Ask HN: How are you setting up your Java applications? - ishbits

While traditionally a C and Python guy - I've had to use Java a lot over the past few years and have come to like it for various reasons and am thinking of starting a new project/product/service with Java.<p>I do have a question how people in the rapid development segment (read: startups) architect your application?<p>Of course I will have a web interface, but I also feel that the web interface is just one interface, and as a whole its not a web application.  I see a few options:<p>- Give into the web app frameworks and develop as war for deployment into a container (or turn it into an executable war)<p>- Embed Jetty or Tomcat and treat it as a module of my application.  I feel this gives me more control over the web server component.<p>- Take on more overhead.. Develop one project which is the business logic.  Then do a separate application that communicates to the back-end somehow.. ZeroMQ, or perhaps REST - but then I'm dealing with a web tier again.  But maybe my web tier on my back end service can be simpler in this case.<p>Thanks for any thoughts.
======
traxtech
Architecture and MVP I setup for a startup:

\- database: PostgreSQL

\- API server: JEE6 app (EJB, JPA, JAX-RS, Jackson, Jasypt)

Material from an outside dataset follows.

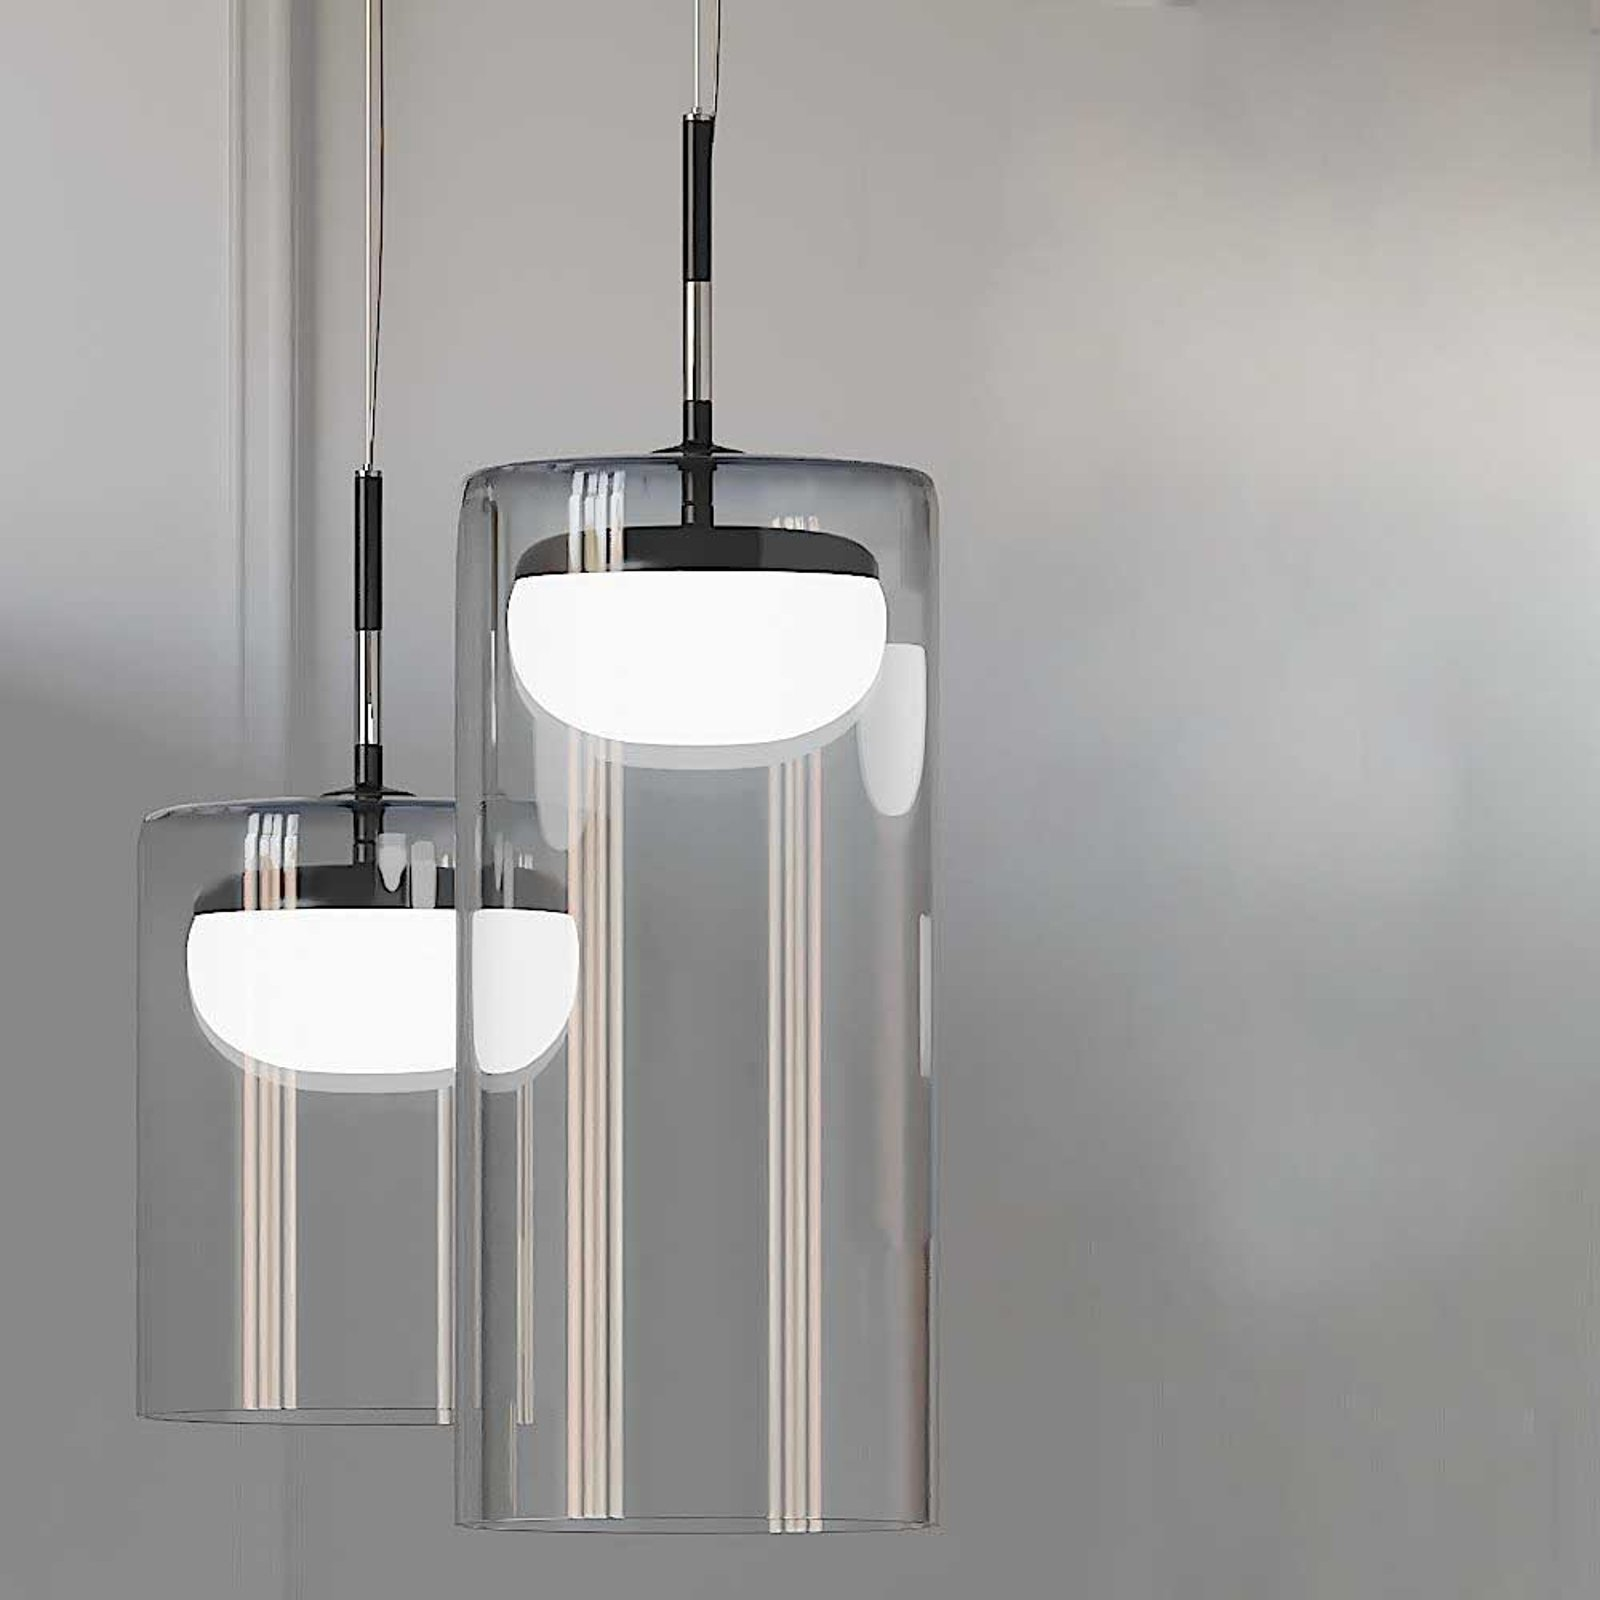 Prandina Diver LED-hengelampe S1 2 700 K svart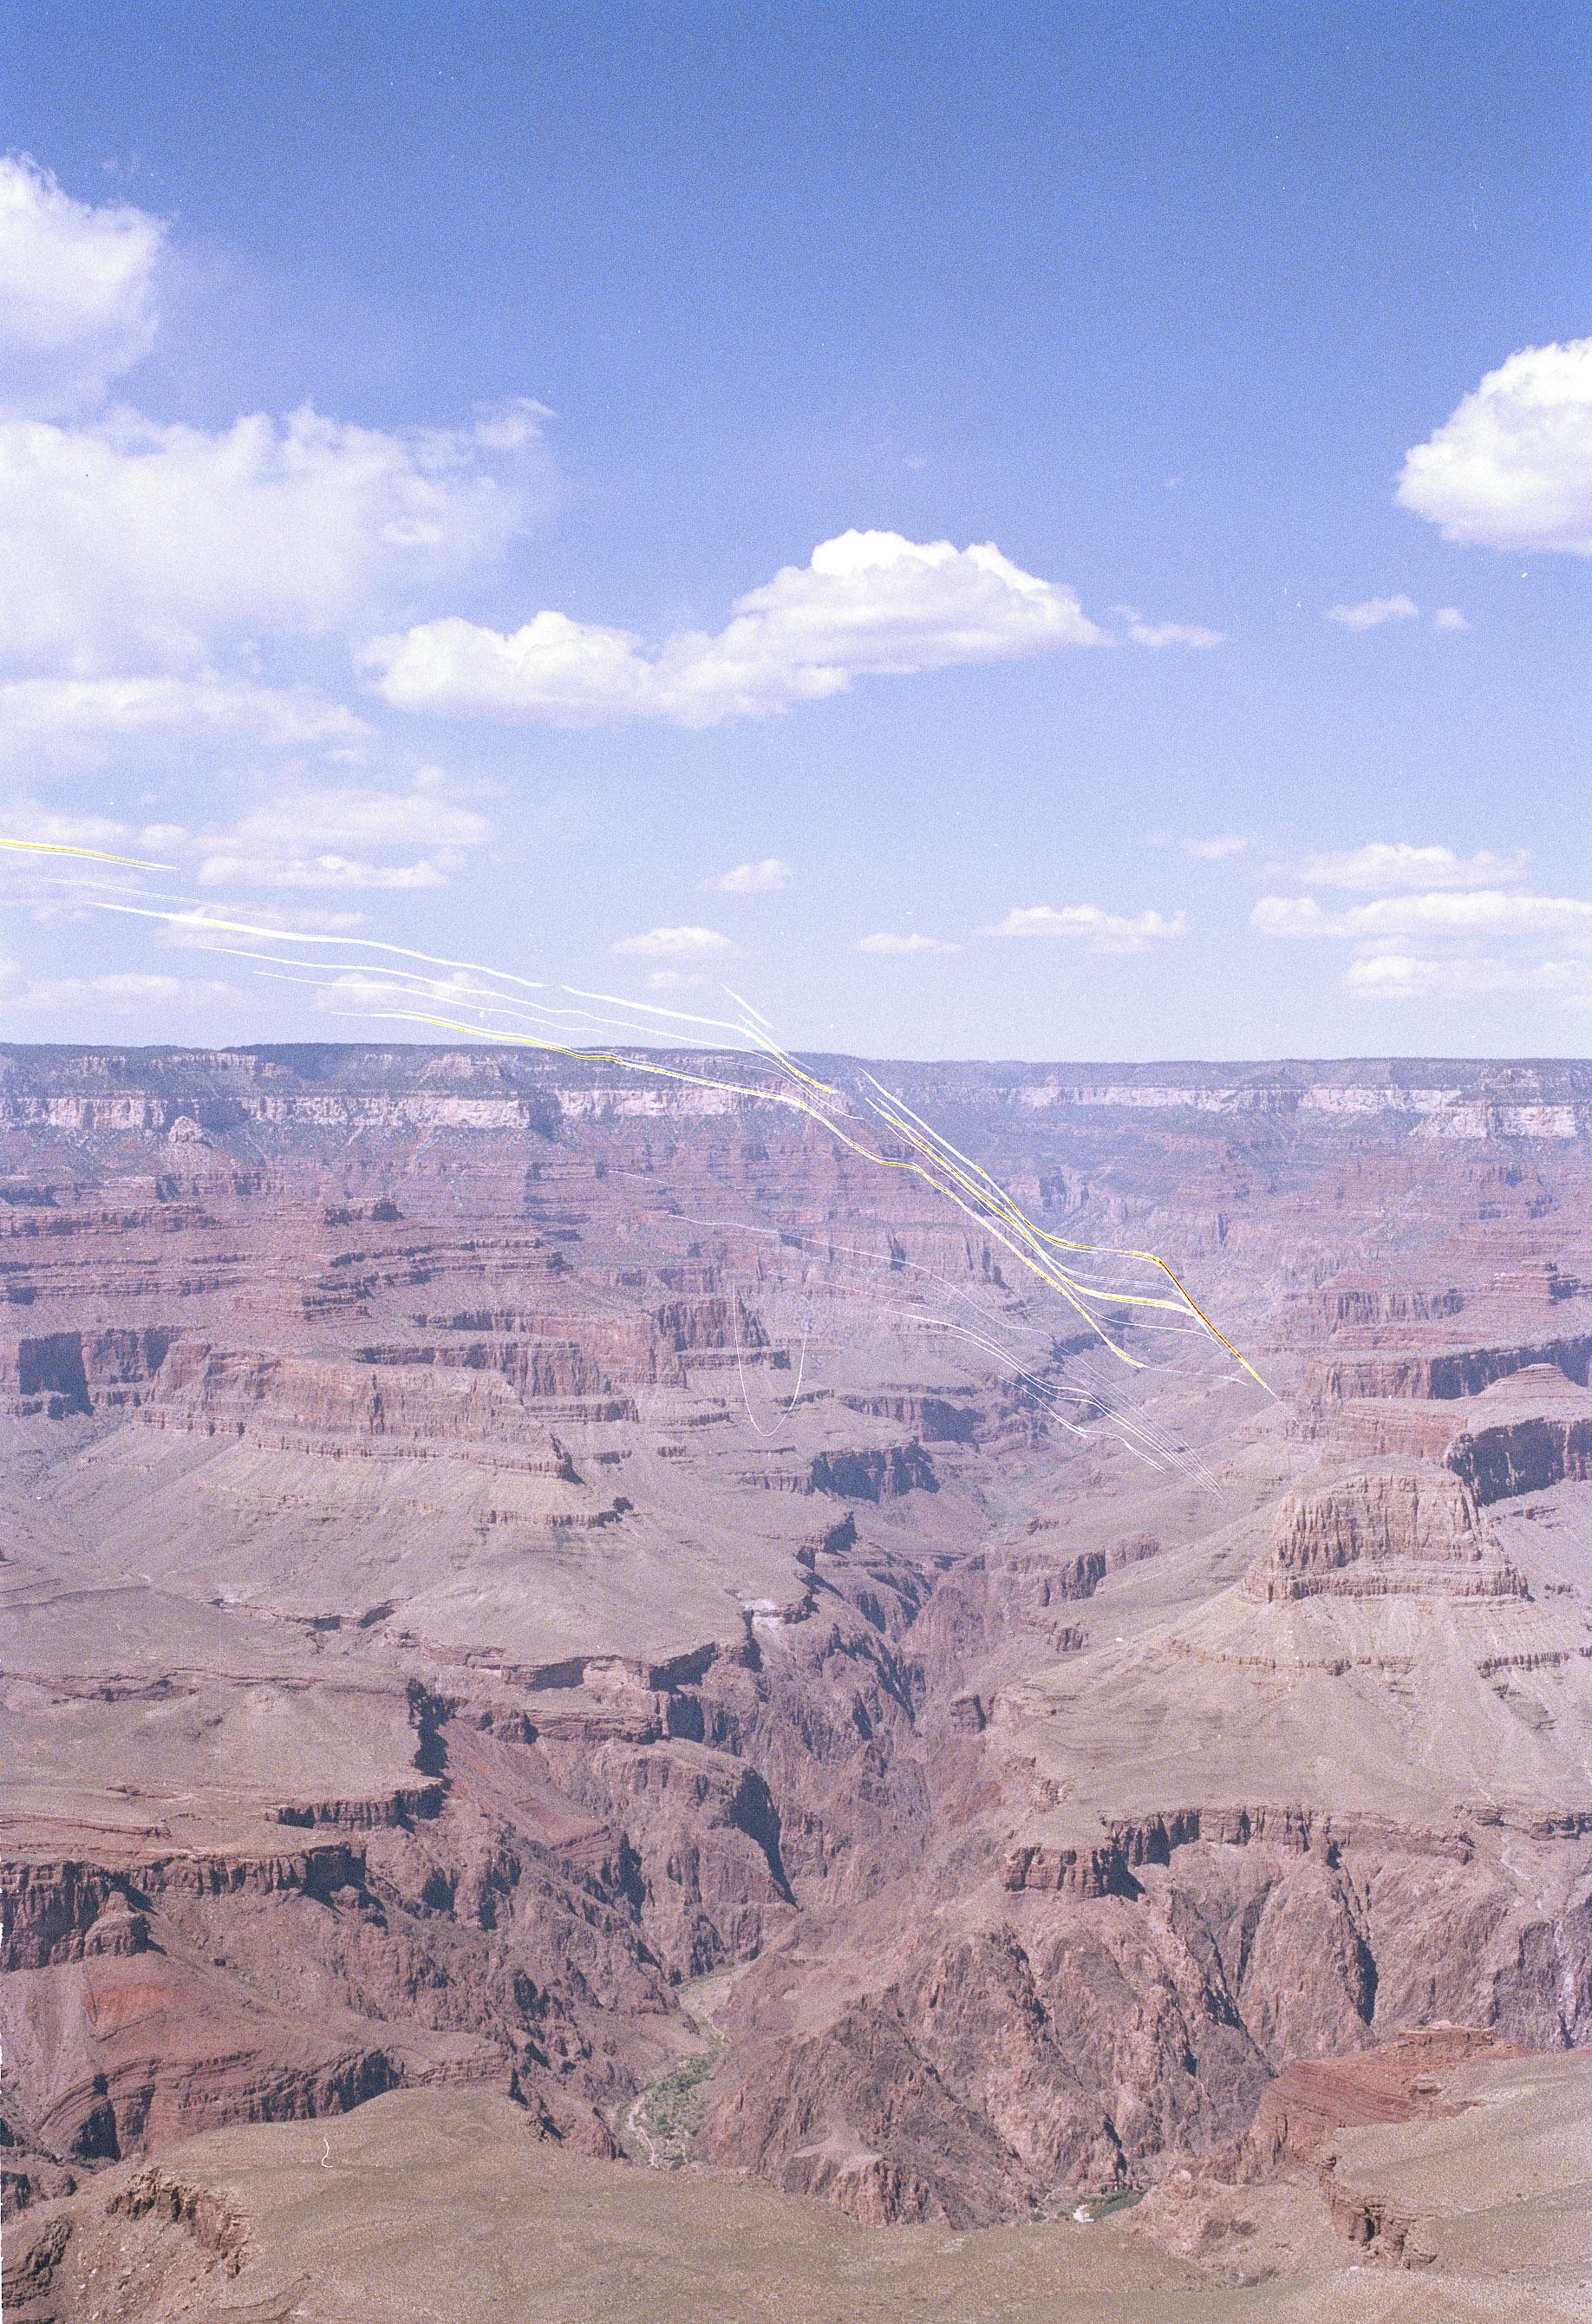 canyonscratch.jpg

\- Web server: JEE6 app (JSF, Primefaces, PrettyFaces, Jackson, commons-http)

All packaged with maven, and deployed on two glassfish instances on a
dedicated server, but it could have been deployed on the cloud with Jelastic.

Better that embedded Jetty/Tomcat, you'd better use a more classical approach
to remain compatible with the hostings providers. Also targeting a full JEE6
server is not insane anymore (light for some values of light, fast, well
documented)

Please, make an API server, even basic, from the start and keep the web front-
end as much stateless as possible.

Shameless plug: I'm a freelance, I rock in JEE6 and I'm a Ror padawan.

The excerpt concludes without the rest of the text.